The leaders in our community have seen that you can't just say something works a particular way. You have to test for it. The reason you need tests is because what you're testing can change over time, and this might in fact be why we tripped up. When you apply the scientific method to discover some principle of the universe, once that principle is uncovered it stays the same. By that reasoning, our code, once written, should also stay the same.
But the reason scientific theories are called so is that, while your current tests might produce results that support the theory, someone might come up with a test in the future that requires a change to the theory.
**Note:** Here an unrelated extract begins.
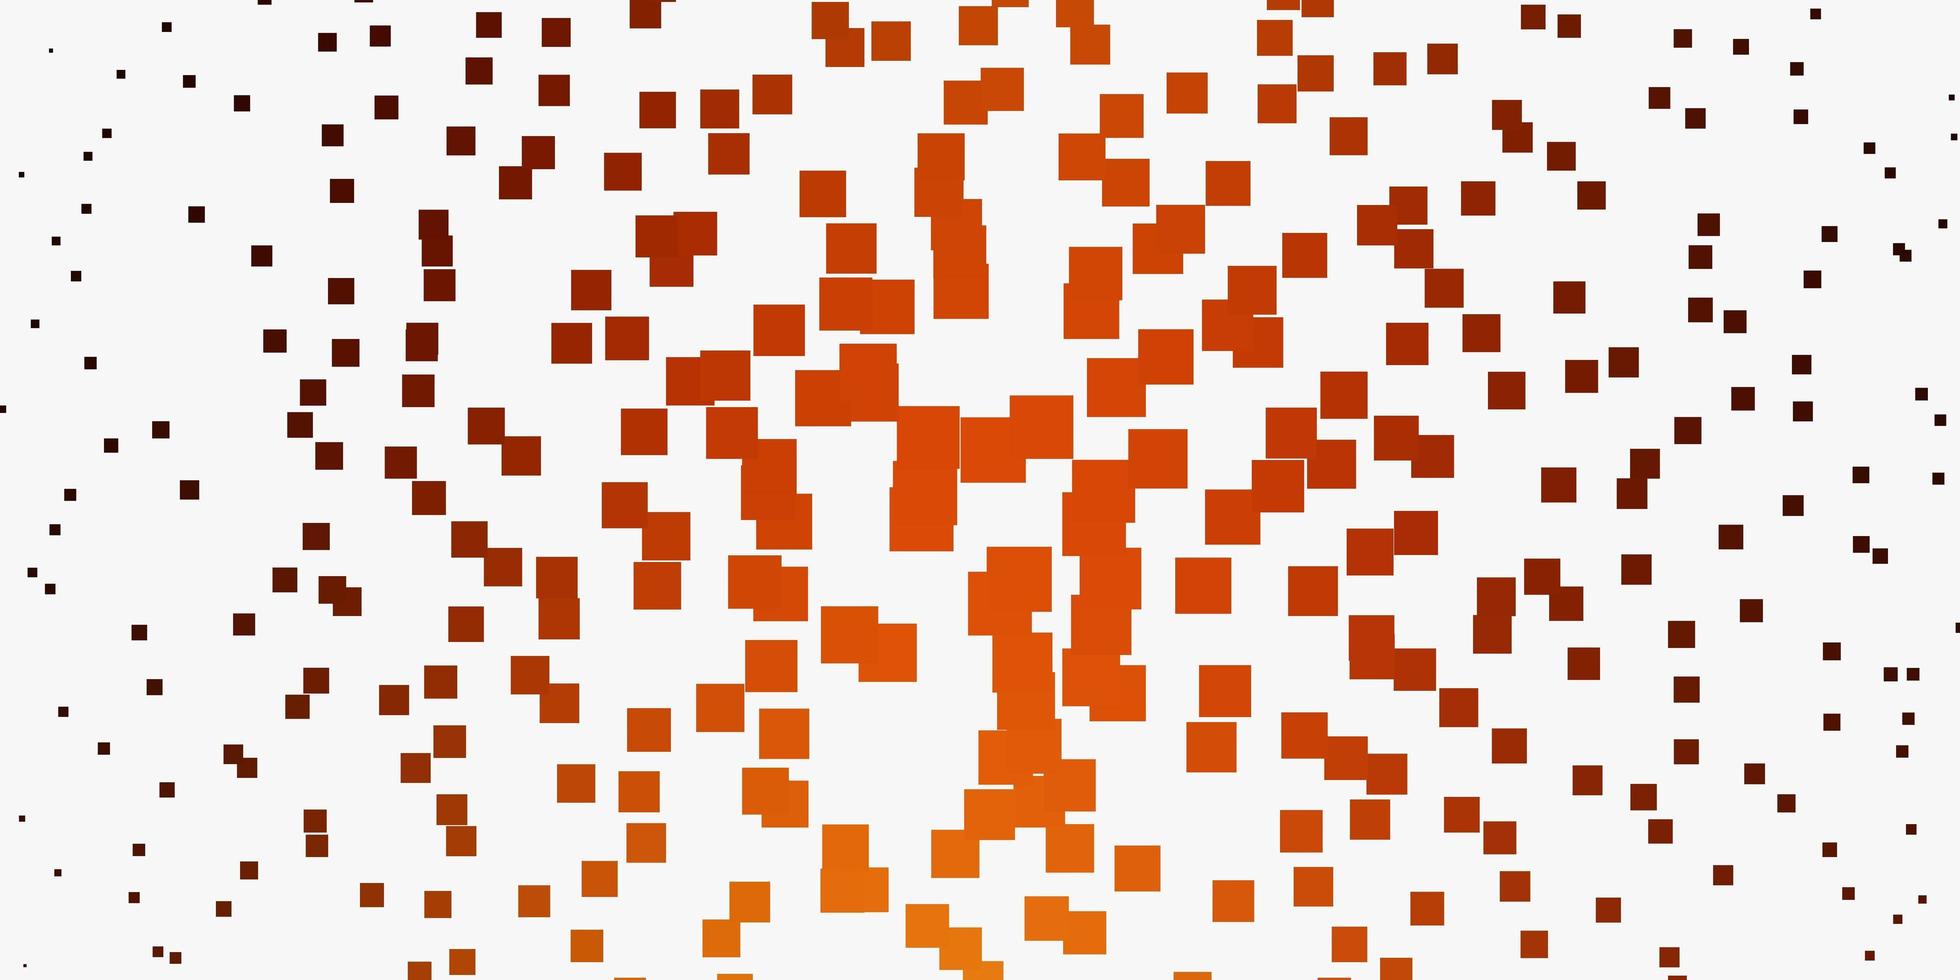 modèle vectoriel orange clair dans un style carré.

In evolution, for example, it was found that species are stable for periods, then undergo sudden changes -- this is called "punctuated equilibrium" and required changes to the way we look at the theory. In a stretch, you could think of it as "micro-creationism" but for people who don't like evolution this won't help, because all variations of evolutionary theory has things changing -- evolving -- and if you don't like the fact that things change the only thing that will make you happy is a complete repeal of evolution; we'd have to pretend that we don't see species changing over time.
The reason I'm rehashing the basics of science is this: when people are involved, we can't assume that we're dealing with anything as relatively stable as scientific theories. People have the ability to be temporarily anti-entropic, to push things in directions that are ultimately "counter to the natural order of things" (I like to think that things like information and self-actualization are similar to entropy; that they somehow "want" to percolate through the world).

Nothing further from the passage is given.